Unprivileged container and capabilities

Hi,

Since LXD 3.0 no capabilities are dropped for unprivileged containers by default.

This was changed in commit ddab67a:

container_lxc: keep full capability set
Unprivileged container don’t need to drop any capabilities. The kernel will
enforce security for us.

I guess that it’s not “needed to drop any capabilities” in unprivileged containers because the unprivileged user running the container don’t actually have any capabilities on the host. Am I right?

My issue with this is that CAP_SYS_TIME is present in these containers and all the applications in it, telling them that they actually have the capability to modify time on this system - which is never true for a unprivileged container (until timens gets into the kernel, I guess?).

In my case this raises issues in an ansible role that base it’s decision on install/not install ntp-services to this capability. In my regard the capabilities should be the source of truth for this kind of decisions.

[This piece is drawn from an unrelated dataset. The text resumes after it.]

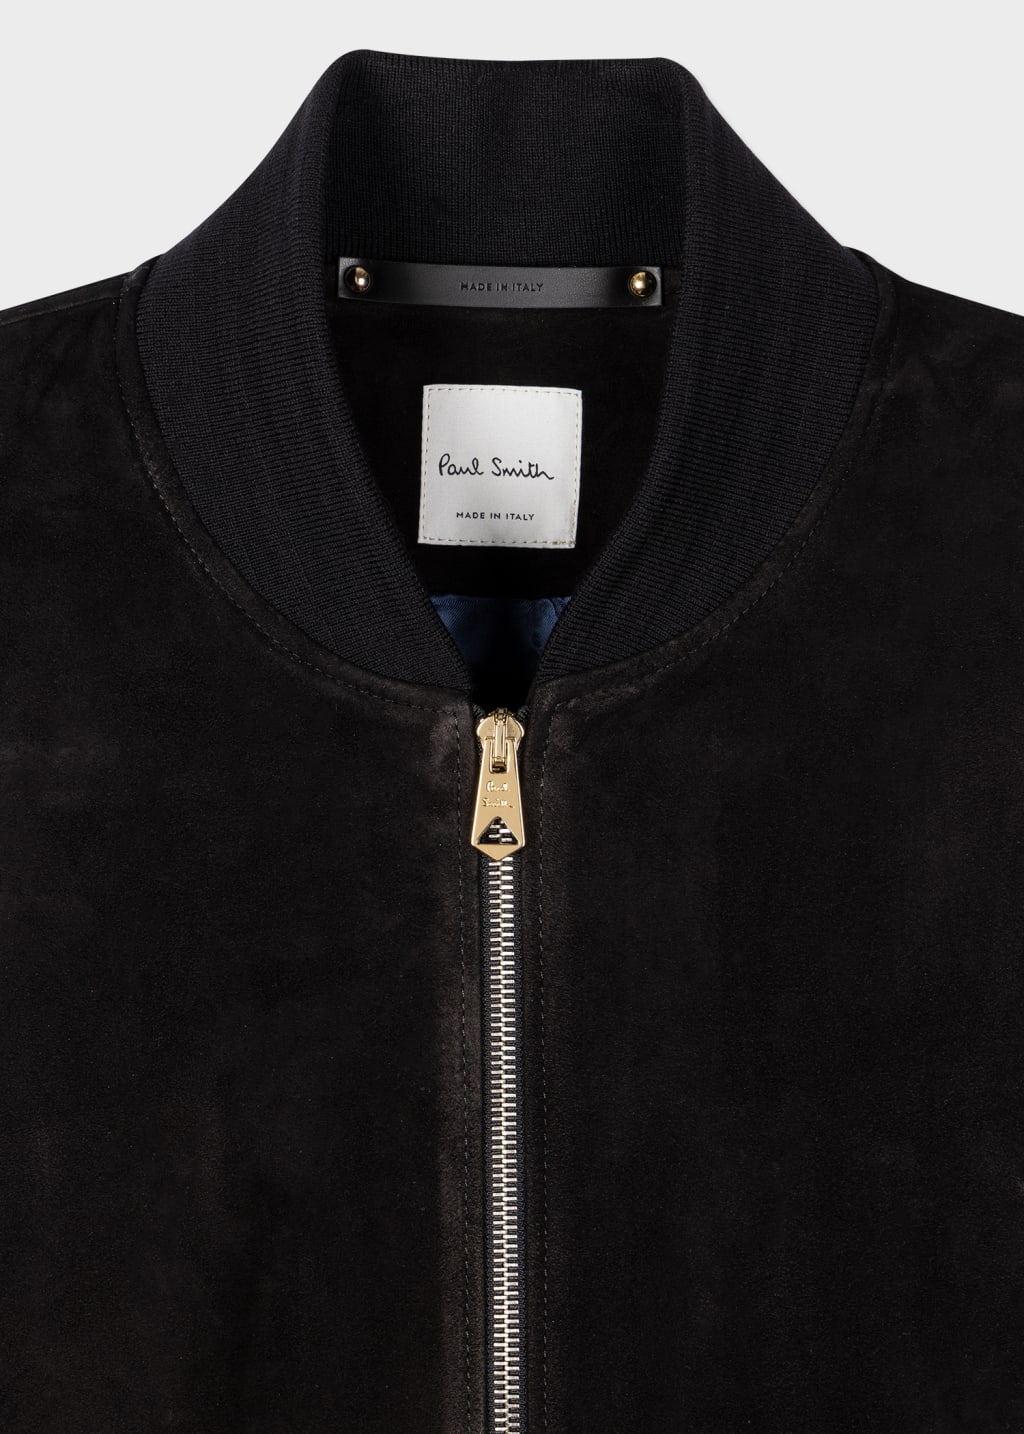 Detail View - Black Suede Bomber Jacket Paul Smith

If I can’t trust the CAP_SYS_TIME in this aspect, what else can I use for decisions like this?

Thanks!

Yeah, the fact that you can have capabilities yet still not be allowed to do something is certainly confusing for a lot of userspace applications. User namespaces is certainly one case where that happens, though the same can be true with SELinux, Seccomp or AppArmor.

In most cases, the best way to figure those kind of potential restrictions out is to try to perform an action against the API. For CAP_SYS_TIME, it may be trying to do a time adjustement of a 0 offset and see whether that succeeds or not. This kind of solution, while not always practical to implement, does have the benefit of being rock solid.

Should you run such code against a kernel which then gains timens support, no change to the application would be required to then do the right thing in such an environment.

A maybe more practical approach in your case may be to use a simple in-container check, either as a condition in the relevant systemd units or by directly calling something like systemd-detect-virt and just skip ntp in such cases.